Design strategies toward catalytic materials and cathode structures for emerging Li–CO2 batteries
Abstract
Integrating energy storage technologies with clean carbon dioxide (CO2) recycling is considered to be a promising solution to alleviate global warming caused by CO2 emission and meet the ever-increasing demand for electrical energy supplies. Recently, a rechargeable aprotic lithium–CO2 (Li–CO2) electrochemical system has been proposed as a new strategy for both energy storage and CO2 capture. However, the study of such a system remains preliminary, and its development still faces huge challenges such as low energy efficiency and electrolyte decomposition caused by a large charge overpotential, which are primarily attributed to the sluggish kinetics of the CO2 activation reaction in Li–CO2 batteries. Therefore, the reasonable design and fabrication of catalysts with excellent catalytic activity and high stability remain a formidable challenge to develop practical Li–CO2 batteries.
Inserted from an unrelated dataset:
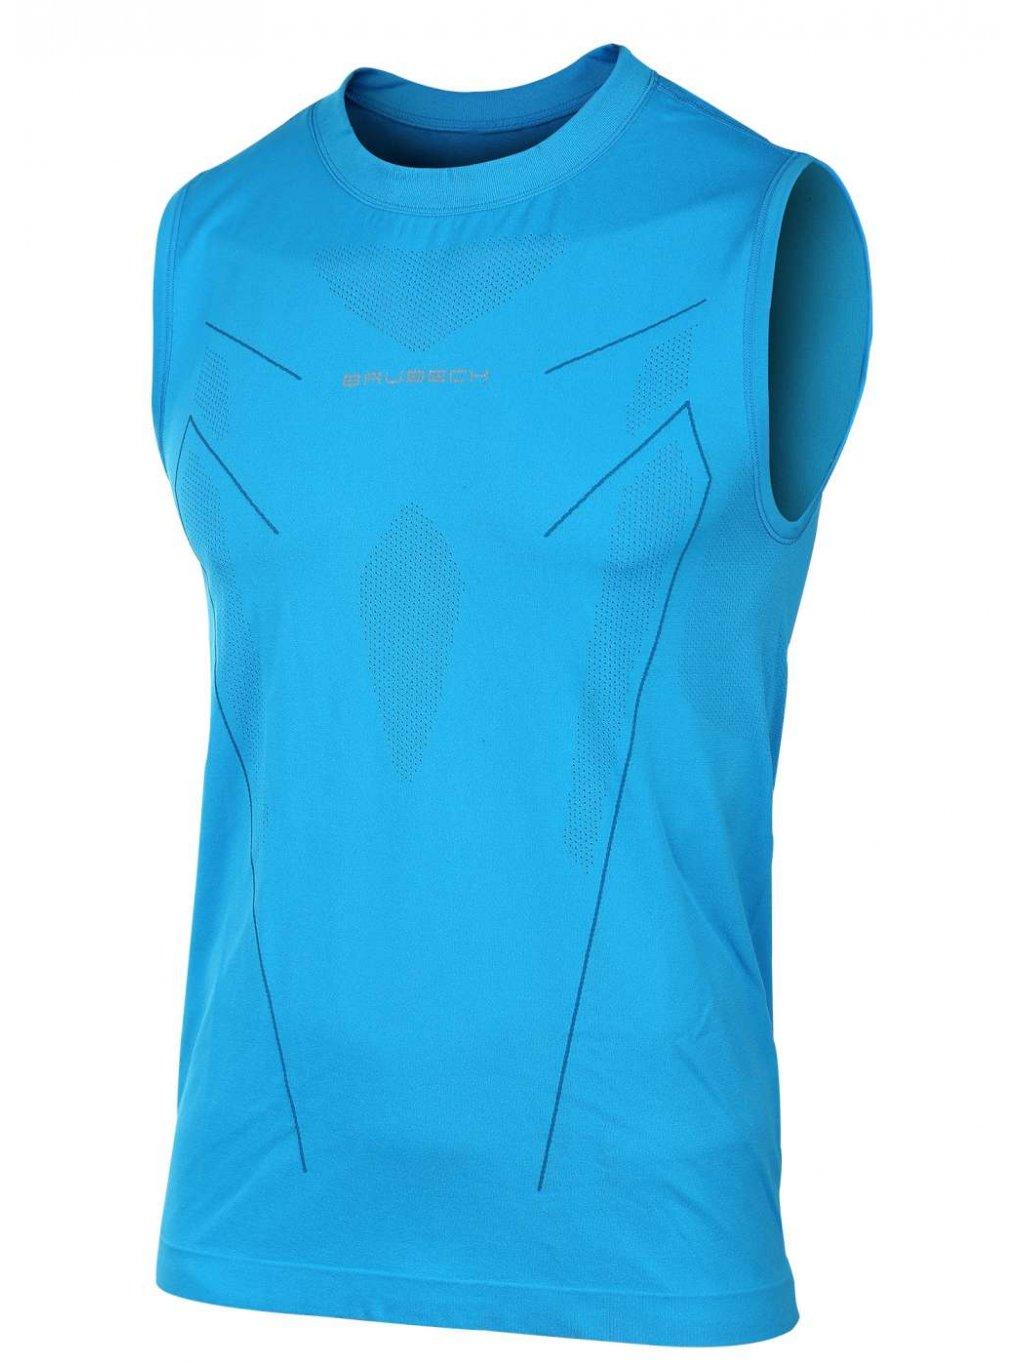 Brubeck pánské tričko bez rukávů Athletic - BRUBECK cfb6102d43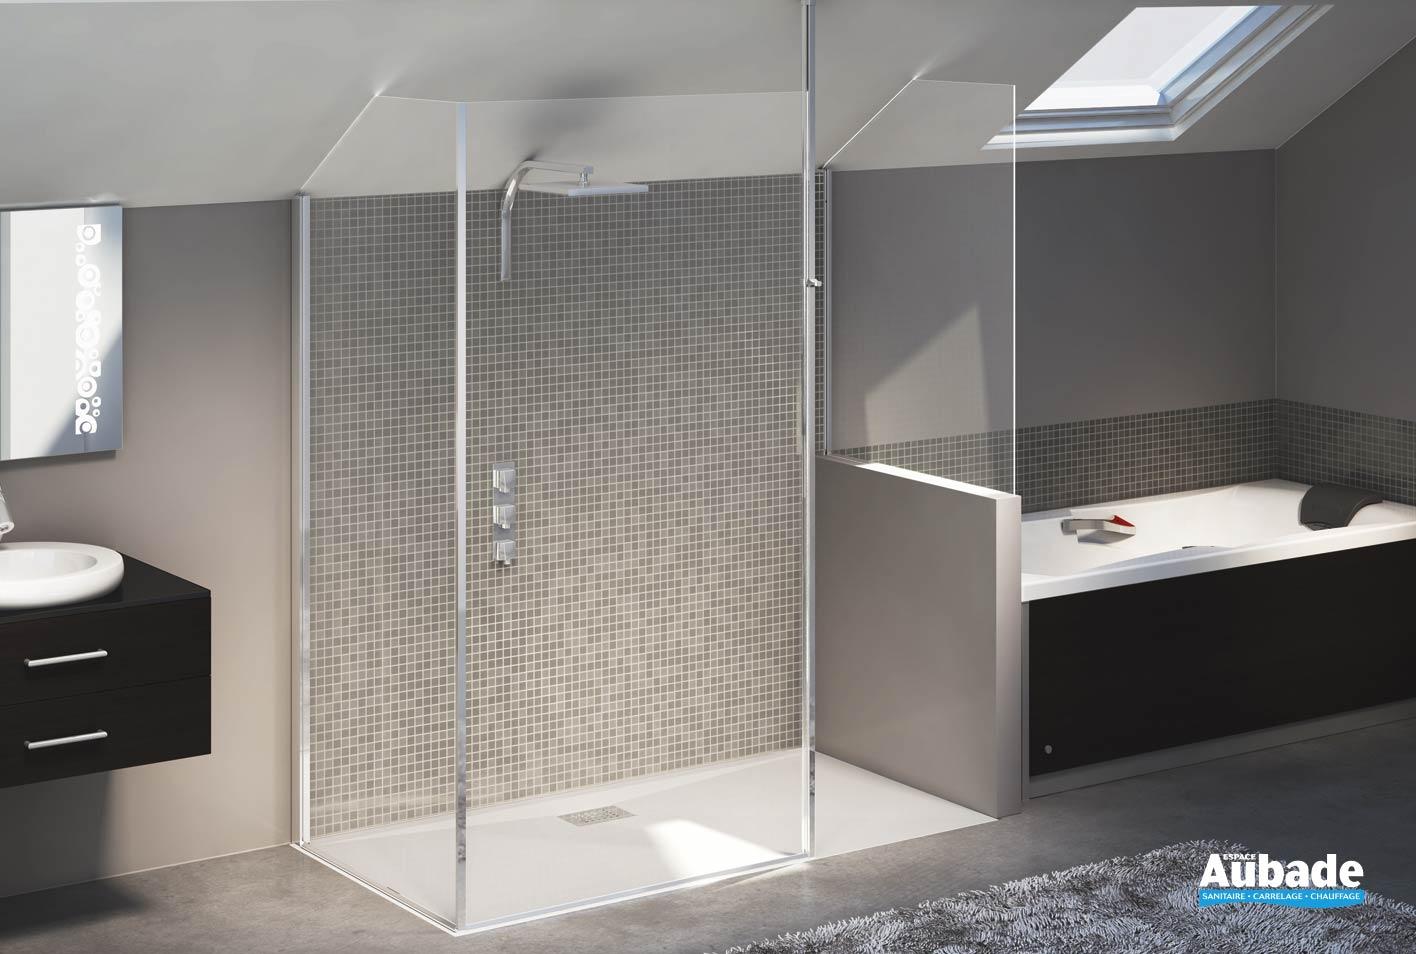 paroi de douche sur mesure kinedo espace aubade. Black Bedroom Furniture Sets. Home Design Ideas

In this review, based on the introduction of the structure and fundamental electrochemistry of Li–CO2 batteries, we provide an up-to-date and comprehensive review on state-of-the-art design strategies toward highly active catalytic materials and cathode structures for Li–CO2 batteries, inspiring research interests and concerns to this emerging energy storage system and promoting its practical application for future advances in this field.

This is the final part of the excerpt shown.